久留米絣という名の未来を共有するインタビュー
2020年5月7日 氏名 春山慶彦(株式会社ヤマップ 代表取締役)
- 久留米絣を知ったきっかけ(過去)
織物は、その土地の風土と人々の生活の知恵の結晶です。足下の生活や暮らしを大事にしたいと願うのであれば、自分が暮らしている地域の織物を慈しみ、日々の暮らしに取り入れよう。その思いの延長で、久留米絣にたどりつきました。とはいえ、そう思った2010年頃、男性が履ける久留米絣の衣服は、私が知る限り作務衣しかありませんでした。

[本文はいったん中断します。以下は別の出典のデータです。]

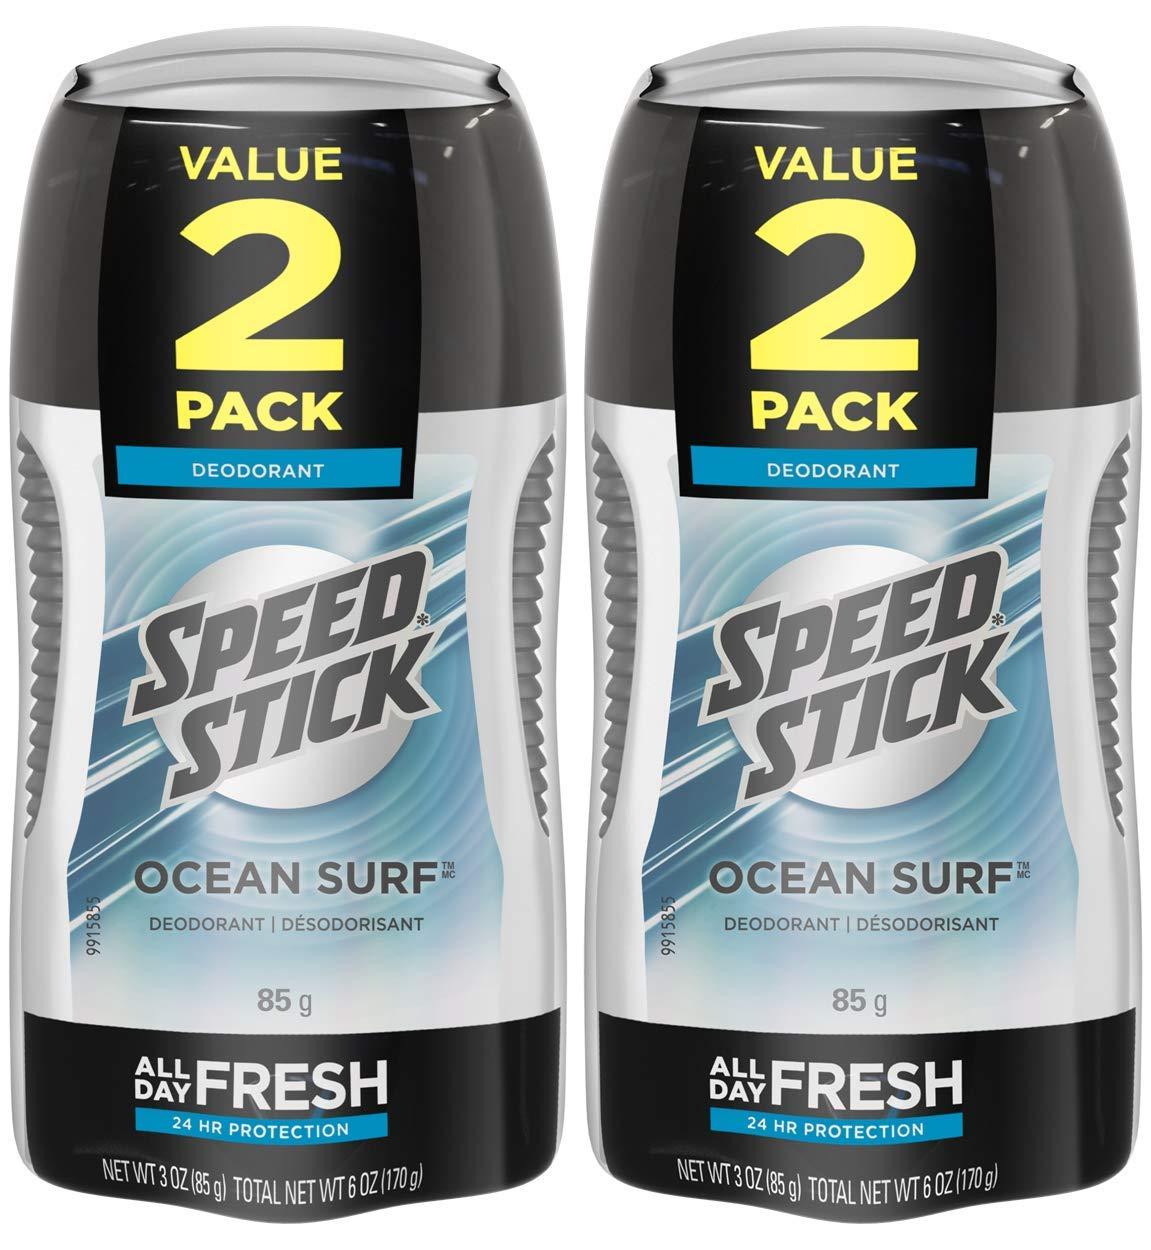 Speed Stick Deodorant for Men, Ocean Surf - 3 Ounce (4 Pack)
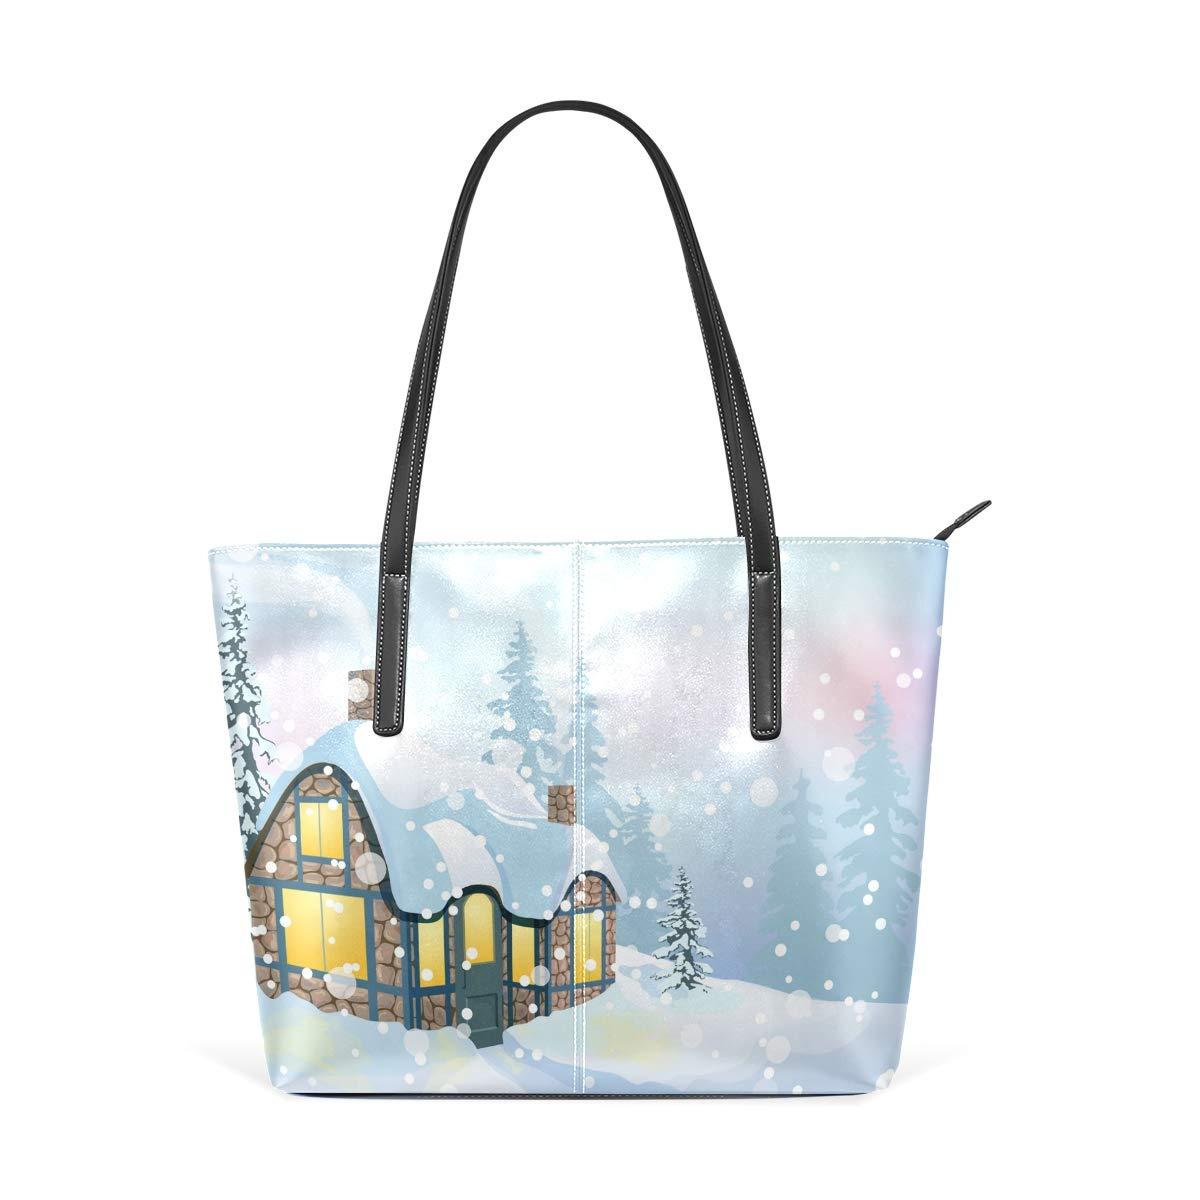 AMONKA , Damen Tote-Tasche Mehrfarbig mehrfarbig Large B07PXY1VJQ Shopper Günstige Bestellung

作務衣から久留米絣との付き合いがはじまりました。
- 久留米絣と私(現在)
久留米絣の作務衣パンツを履くようになってから、それまで親しんでいたジーパンが履けなくなりました。それ程までに、久留米絣は肌に心地よく、快適でした。久留米絣の素晴らしさを実感するにつれ、「なぜこの素晴らしさが、地元の人を含め一般の人たちに伝わっていないのか」「淑女が身につける衣服としてのイメージが強くなり過ぎてしまっていないか」など、考えるようになりました。微力かもしれないが、私なりのやり方で久留米絣の良さを広めたい。その試みとして、下川織物さんにもお力添えをいただきながら、「久留米絣×登山」という切り口で、久留米絣を使用したサコッシュや登山パンツを製作し、販売しています。
- 自身の人生における絣の存在(未来)
伝統産業は、幾世代にも渡り日々の挑戦を続けてきたからこそ、現代にまで受け継がれています。私たちベンチャー企業は、異国のIT産業だけでなく身近な伝統産業からも、挑戦の価値と意義を学んでいかなければなりません。伝統産業が培ってきたベンチャースピリットと温故知新の精神を見習い、YAMAPの事業を成熟させ、地域に貢献していきたいと思います。
<ヤマップ 春山慶彦さんについて>
福岡市に拠点を置くベンチャー企業 株式会社ヤマップの代表取締役社長
春山さんとの出会いは、私にとって印象的だったので今でもはっきり覚えている。地元・福岡で急成長を遂げるベンチャー企業を特集したニュースで紹介されていたのが春山さんの会社「ヤマップ」だった。その中で「気づき」として得たのは「道路地図はあっても山の地図はない」。それを現代の生活に欠かせない必需品となっている「スマートフォンアプリ」で山の地図を作った発想が心に深く刺さった。「実際にお会いして話を聞いてみたい」そんな風に思っていたところその数日後に、春山さんは弊社工場を訪問してくださった。私のほうからは、何のアプローチもしていなかったからとても驚いた。しかも春山さんご自身久留米絣の愛好家だと聞いて二度驚いた。「引き寄せの法則」が働いたのだろうか。今回のインタビューでそれを確信できた気がする。